# Can Wyndham points owners really get reservations at Worldmark resorts?



## scottmindib (Oct 19, 2008)

Hey everyone,

I just bought a resale points package of Wyndham FSP points and was wondering if, in reality, we really can book a reservation at Worldmark resorts.  Is it possible or impossible to do?  If you think it is realistically possible then how far out can we book at Worldmark resorts? Also,  do we call Wyndham reservations to book at Worldmark properties?  Thanks so much for your help as I am trying to get this stuff down.

Scott


----------



## bnoble (Oct 19, 2008)

Close to impossible---very few units are available in cross-system inventory, and I don't know of anyone who knows when those few units typically show up.


----------



## BocaBum99 (Oct 19, 2008)

Nope, if you want to book WorldMark resorts, you should buy a WorldMark account.  Or, you can trade your Wyndham points with a WorldMark owner.


----------



## roadsister (Oct 19, 2008)

scottmindib said:


> Hey everyone,
> 
> I just bought a resale points package of Wyndham FSP points and was wondering if, in reality, we really can book a reservation at Worldmark resorts.  Is it possible or impossible to do?  If you think it is realistically possible then how far out can we book at Worldmark resorts? Also,  do we call Wyndham reservations to book at Worldmark properties?  Thanks so much for your help as I am trying to get this stuff down.
> 
> Scott



I can answer from the WM side....I booked Wyndham resort 9 months out (Waikiki). They usually load on Fridays but not every week.

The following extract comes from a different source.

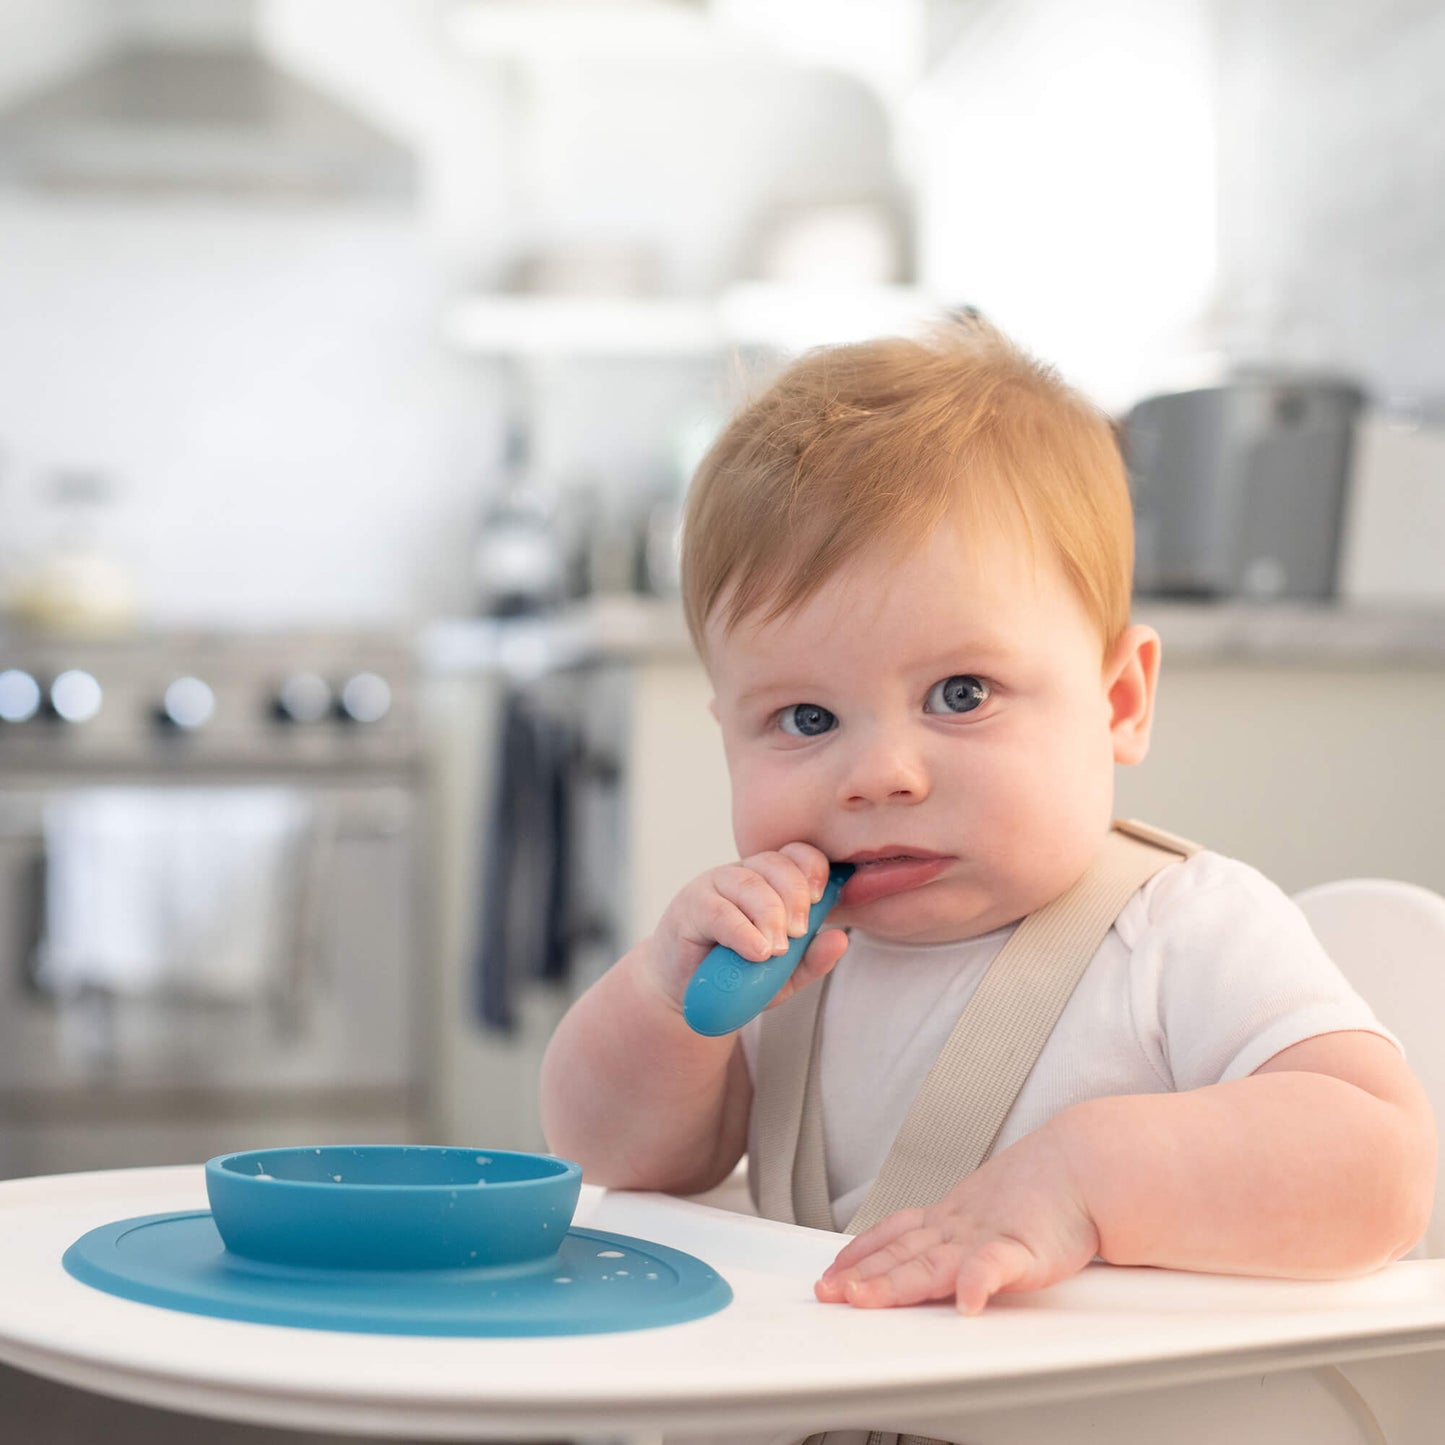 The Tiny Bowl in Blue by ezpz / Silicone Bowl for Babies that Fits on High Chairs

I BELIEVE you can book WM resorts available to Wyndham 11 months out but not 100% sure...check with your Wyndham reservations center to be exact. They should be able to answer all your questions or put you in touch with someone who can 
There are several resorts that have exchanged anywhere from 2 to 4 units at specific locations.


----------



## lprstn (Oct 19, 2008)

I have been able to book at some of the Woldmark resorts...I am generally not that picky, but its mostly off-season time that's available and no whole weeks.

Right now I see availability that I can book through Wyndham's website at:

These are the only ones I saw online with availability and the 1st available dates for 3 night stays are in the months below...

WorldMark Bass Lake - JAN
WorldMark Canmore-Banff - APR
WorldMark Cascade Lodge - NOV
WorldMark Lake of the Ozarks -JAN
WorldMark Oceanside Harbor - APR
WorldMark Steamboat - OCT/NOV
WorldMark Rancho Vistoso - NOV
WorldMark The Canadian - JAN/FEB


----------



## ausman (Oct 19, 2008)

Brian (bnoble) has it, and explained.

Worldmark typically exchanges 2 units a week of their resorts listed in the Wyndham Directory and WYN/FF does the same for selected resorts.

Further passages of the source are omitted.